• WORK REQUIRED:
Would you copy out only the lines from the one with "Ο Λιθουανός πρόεδρος" to the end of the records, exactly as they stand?

::: RECORDS :::

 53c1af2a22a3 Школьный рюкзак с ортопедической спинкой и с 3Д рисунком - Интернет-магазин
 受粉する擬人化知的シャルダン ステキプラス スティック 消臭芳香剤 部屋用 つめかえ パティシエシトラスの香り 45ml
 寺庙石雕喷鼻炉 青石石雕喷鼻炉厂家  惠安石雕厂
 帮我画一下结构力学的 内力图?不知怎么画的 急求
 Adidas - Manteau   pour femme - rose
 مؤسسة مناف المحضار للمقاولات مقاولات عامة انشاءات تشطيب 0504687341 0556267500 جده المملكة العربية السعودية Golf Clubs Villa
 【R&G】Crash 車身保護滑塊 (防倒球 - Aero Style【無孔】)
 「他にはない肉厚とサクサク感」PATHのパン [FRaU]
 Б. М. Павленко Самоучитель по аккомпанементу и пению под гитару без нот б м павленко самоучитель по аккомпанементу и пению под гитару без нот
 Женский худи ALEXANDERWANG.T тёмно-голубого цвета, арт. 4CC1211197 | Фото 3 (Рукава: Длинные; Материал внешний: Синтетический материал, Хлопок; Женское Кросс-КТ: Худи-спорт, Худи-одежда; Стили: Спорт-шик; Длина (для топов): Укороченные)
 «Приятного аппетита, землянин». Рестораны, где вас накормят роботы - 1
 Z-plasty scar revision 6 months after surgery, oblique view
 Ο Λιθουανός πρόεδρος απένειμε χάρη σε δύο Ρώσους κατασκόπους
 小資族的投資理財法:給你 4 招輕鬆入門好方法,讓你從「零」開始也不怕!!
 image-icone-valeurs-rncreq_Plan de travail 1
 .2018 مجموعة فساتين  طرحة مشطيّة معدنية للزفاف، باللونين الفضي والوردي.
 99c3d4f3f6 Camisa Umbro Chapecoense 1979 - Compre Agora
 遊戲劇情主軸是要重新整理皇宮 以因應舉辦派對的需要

:::

• OUTPUT BELOW:
 Ο Λιθουανός πρόεδρος απένειμε χάρη σε δύο Ρώσους κατασκόπους
 小資族的投資理財法:給你 4 招輕鬆入門好方法,讓你從「零」開始也不怕!!
 image-icone-valeurs-rncreq_Plan de travail 1
 .2018 مجموعة فساتين  طرحة مشطيّة معدنية للزفاف، باللونين الفضي والوردي.
 99c3d4f3f6 Camisa Umbro Chapecoense 1979 - Compre Agora
 遊戲劇情主軸是要重新整理皇宮 以因應舉辦派對的需要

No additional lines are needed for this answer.